O volume de inquéritos, somente agora abertos pelo ministro Edson Fachin, contra os supostos corruptos da nação - notadamente os empresários, os parlamentares e alkguns magistrados envolvidos na Operação Lava Jato-, pode enganar muita gente, mas, para quem entende dos meandros do mundo jurídico, o resultado final será a absolvição da maioria dos indiciados, senão de todos, principalmente dos que são ligados aos ministros do STF.

Para quem não se lembra, o ministro Dias Toffoli, que jamais poderia integrar o STF, mandou soltar seu amigo petista, Paulo Bernardo, ex-ministro de Planejamento do governo Lula, preso na Operação Custo Brasil, ”Por reputar configurado flagrante constrangimento ilegal, passível de correção por habeas corpus de ofício quando do julgamento de mérito da ação, determino cautelarmente, sem prejuízo de reexame posterior, a revogação da prisão preventiva de Paulo Bernardo Silva”.

A decisão de Toffoli desrespeitou todos os códigos, e avacalhou por completo o que restava de dignidade dessa Corte. O habeas corpus sequer poderia ter sido recebido, pois teria de ser devolvido ao Tribunal Regional Federal de São Paulo, que era a instância superior ao juiz federal que decretou a prisão do ex-ministro.

No caso das denúncias aceitas por Fachin, muitas delas ocorreram há mais de uma década, isso sem contar com a morosidade tradicional e estudada do STF, sempre beneficiando a classe poderosa, ao ponto de o povo, descrente do próprio Judiciário, apelidar essa Corte de Justiça de “O Tribunal da Impunidade”.

Outro ministro ligado ao pessoal citado na lava jato é Gilmar Mendes, que ofereceu um jantar em sua casa para Aécio Neves, José serra, Michel Temer e outros investigados. Durante o regabofe, Serra levantou a questão de que o sistema eleitoral brasileiro devia sair da Constituição.

Não se pode esquecer do notório ministro Ricardo Lewandowski, que, segundo o jornalista Leonardo Sarmento, é um ministro que possui como marca maior de seus posicionamentos a ortodoxa defesa de sua posição político-partidária.

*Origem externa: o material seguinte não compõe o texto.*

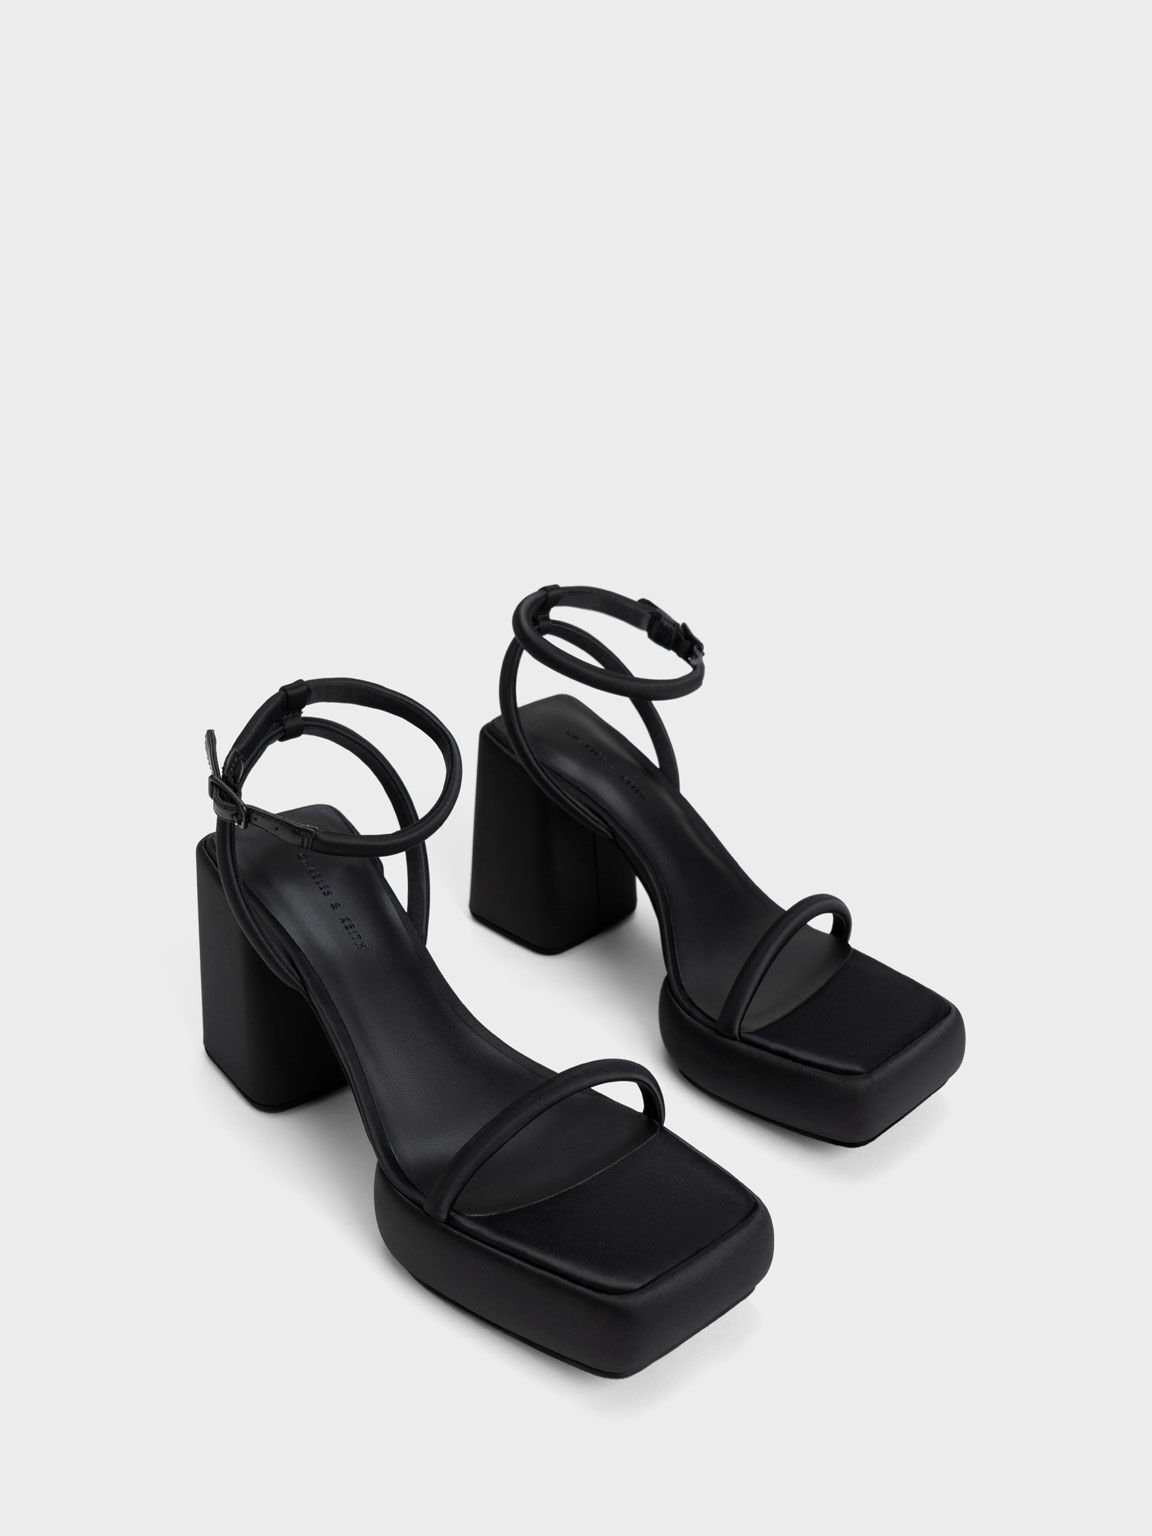 Lucile Satin Platform Sandals, Black, hi-res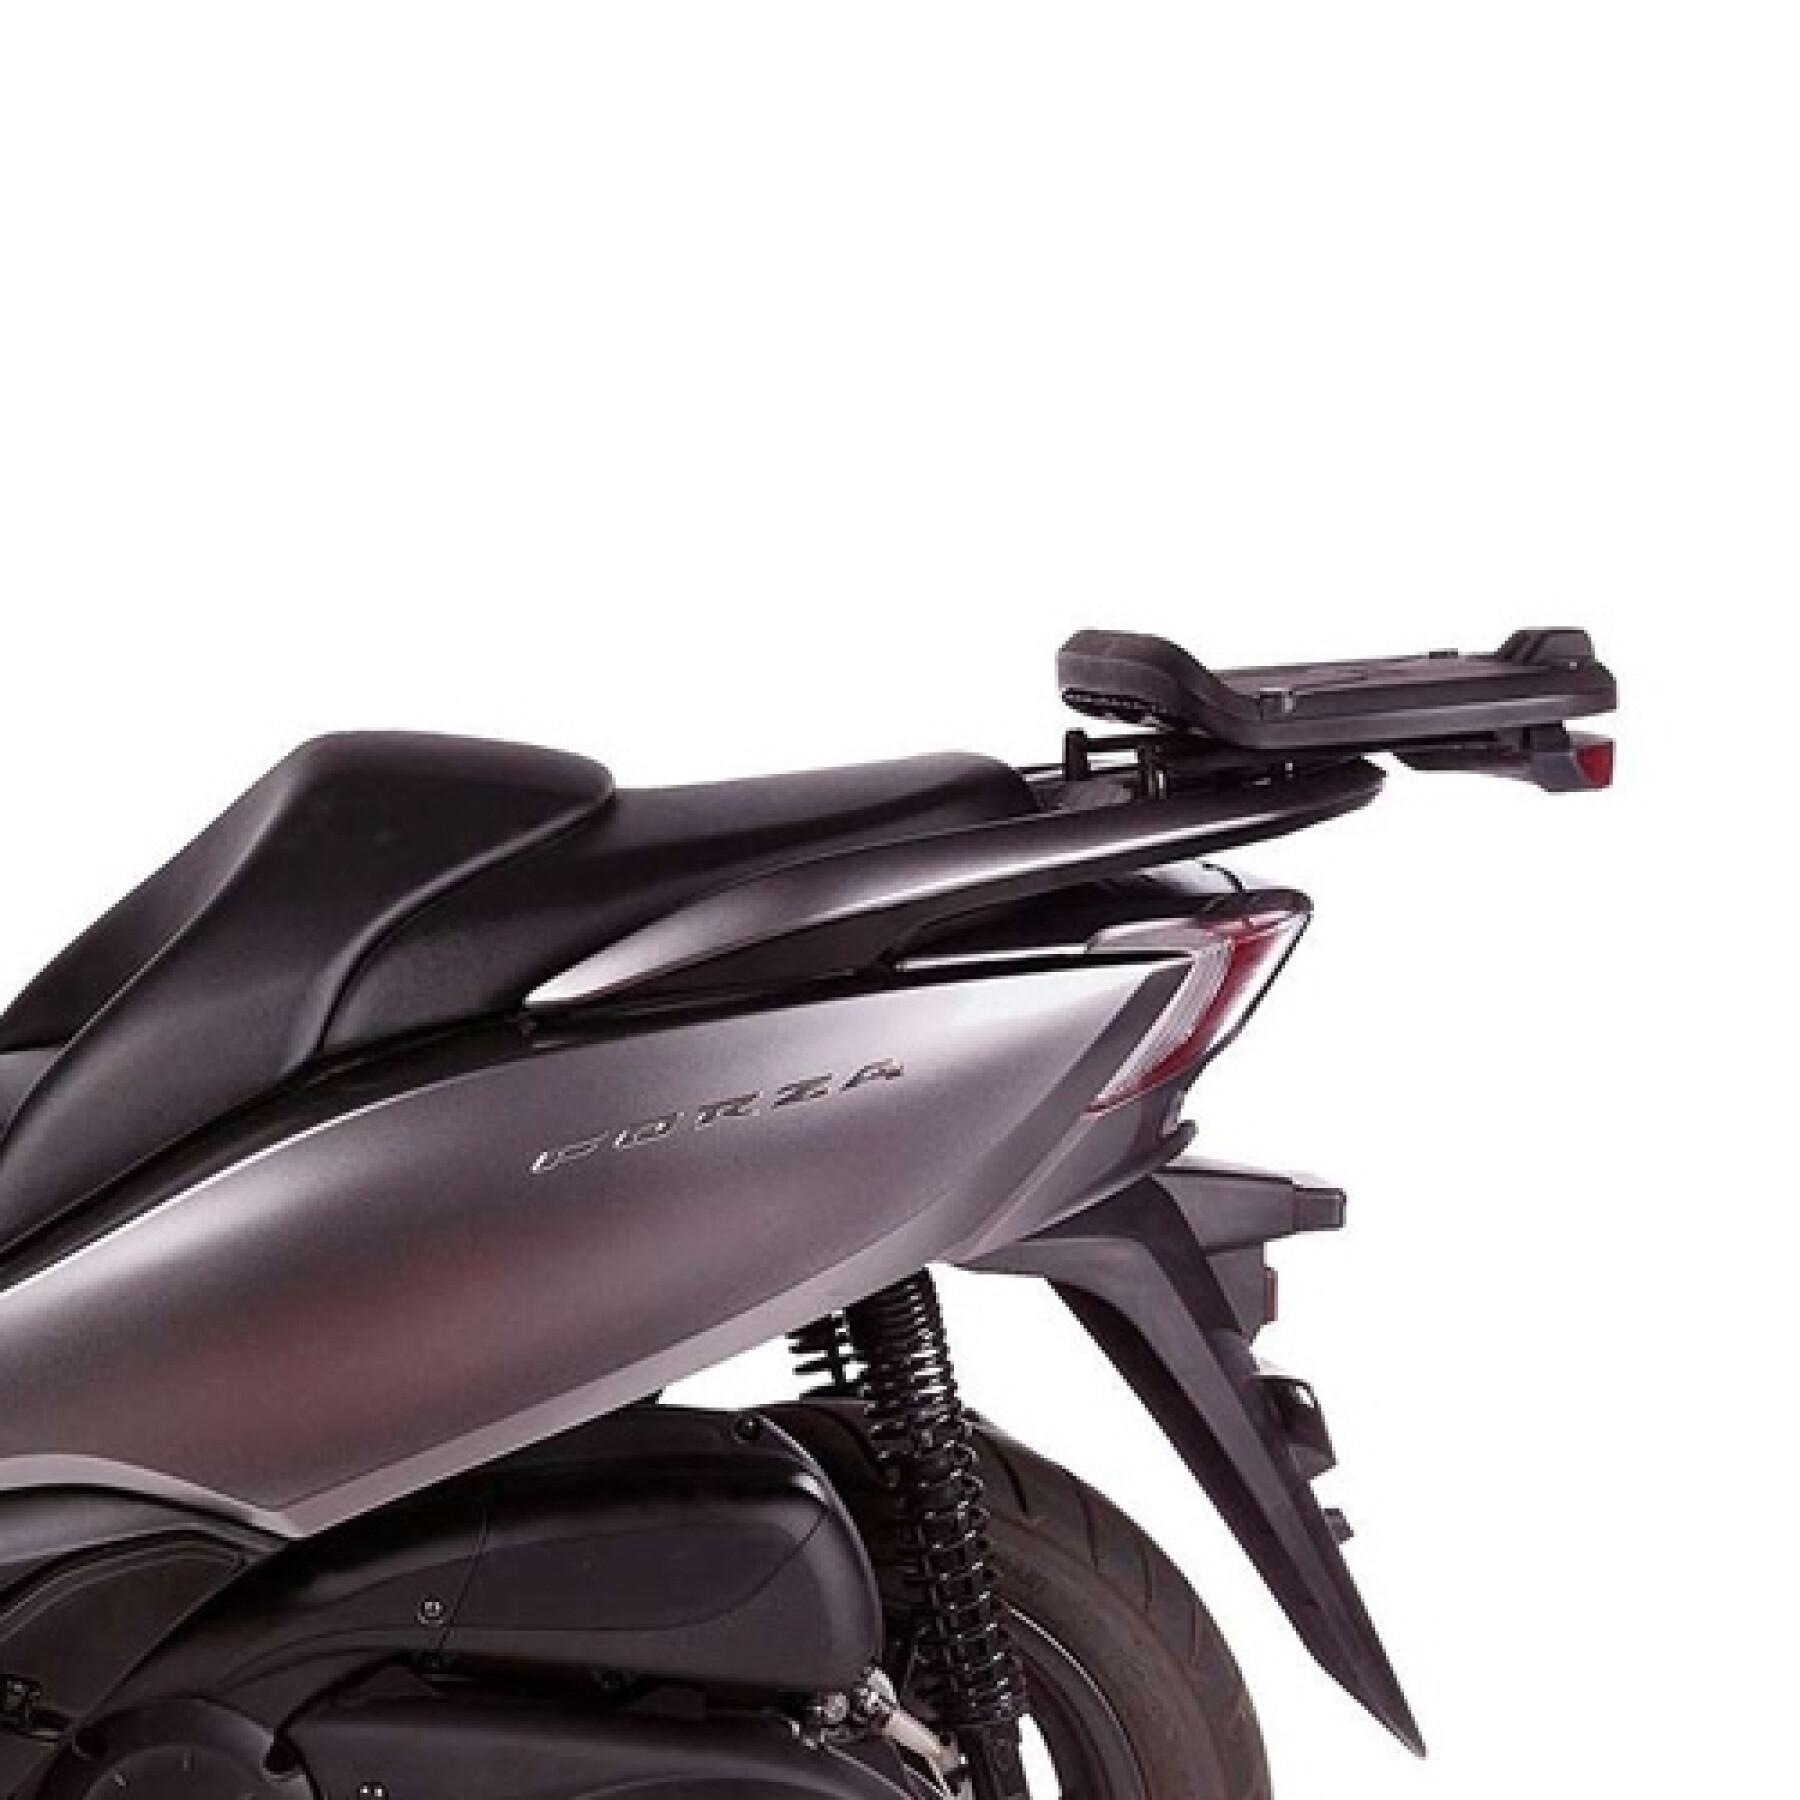 Top case de motocicleta Shad Honda 300 Forza (13 a 17)

Posicionou-se assim como ministro em toda “era petista”, tanto nos períodos pré-presidência como no período em que ostentou o posto de presidente da Casa. Quase que a totalidade de seus votos e decisões (lato senso) buscou a descaracterização jurídica dos crimes perpetrados pela organização criminosa montada pelo PT, sempre tutelando “os aliados do partido em comento, chegando, em algumas manifestações, a flertar com malabarismos e tergiversações jurídicas –vide repositório jurisprudencial do STF, prestando de fato um inegável desserviço às parciais de equidade e ao sentido democrático da prestação jurisdicional”.

Alie-se a esse fato, um outro: os depoimentos dos 77 executivos da Odebrecht que fizeram acordo de colaboração premiada com o Ministério Público serão distribuídos a promotores e procuradores de todo o Brasil, colocando a Lava-Jato, na opinião dos próprios promotores, frente ao mesmo problema que viveu, há 10 anos, no caso do Banestado, que desvendou um esquema bilionário de evasão de divisas para paraísos fiscais e, no fim, não deu em nada.

Processos envolvendo centenas de beneficiários e doleiros foram distribuídos pelo país, pois Curitiba não dava conta de processar todos os casos. O resultado foi desmoralizante para a Justiça e para a credibilidade do Judiciário: a maior parte dos processos prescreveu e os réus ficaram impunes.

Não podemos esquecer que o Supremo Tribunal Federal (STF) levou 24 anos para dizer que o assunto de determinado processo não era com ele. O caso faz parte do cenário de morosidade que foi constatado na mais alta Corte do país por um levantamento inédito da FGV Direito Rio. Ao analisar a duração de processos e liminares no Supremo de 1988 a 2013, a instituição verificou que o STF leva, em média, cinco anos para julgar de forma definitiva Ações Diretas de Inconstitucionalidade (Adins) — mas há Adins que ficaram mais de 20 anos até transitar em julgado, ou seja, terem decisão definitiva da Corte sem possibilidade de recurso.

Assim, não será nenhuma novidade quando o STF, atuando de acordo com a sua natural morosidade e impunidade, declarar, peremptoriamente e definitivamente, que os crimes da Lava jato estão prescritos. É a Suprema prescrição, ao lado da Suprema impunidade.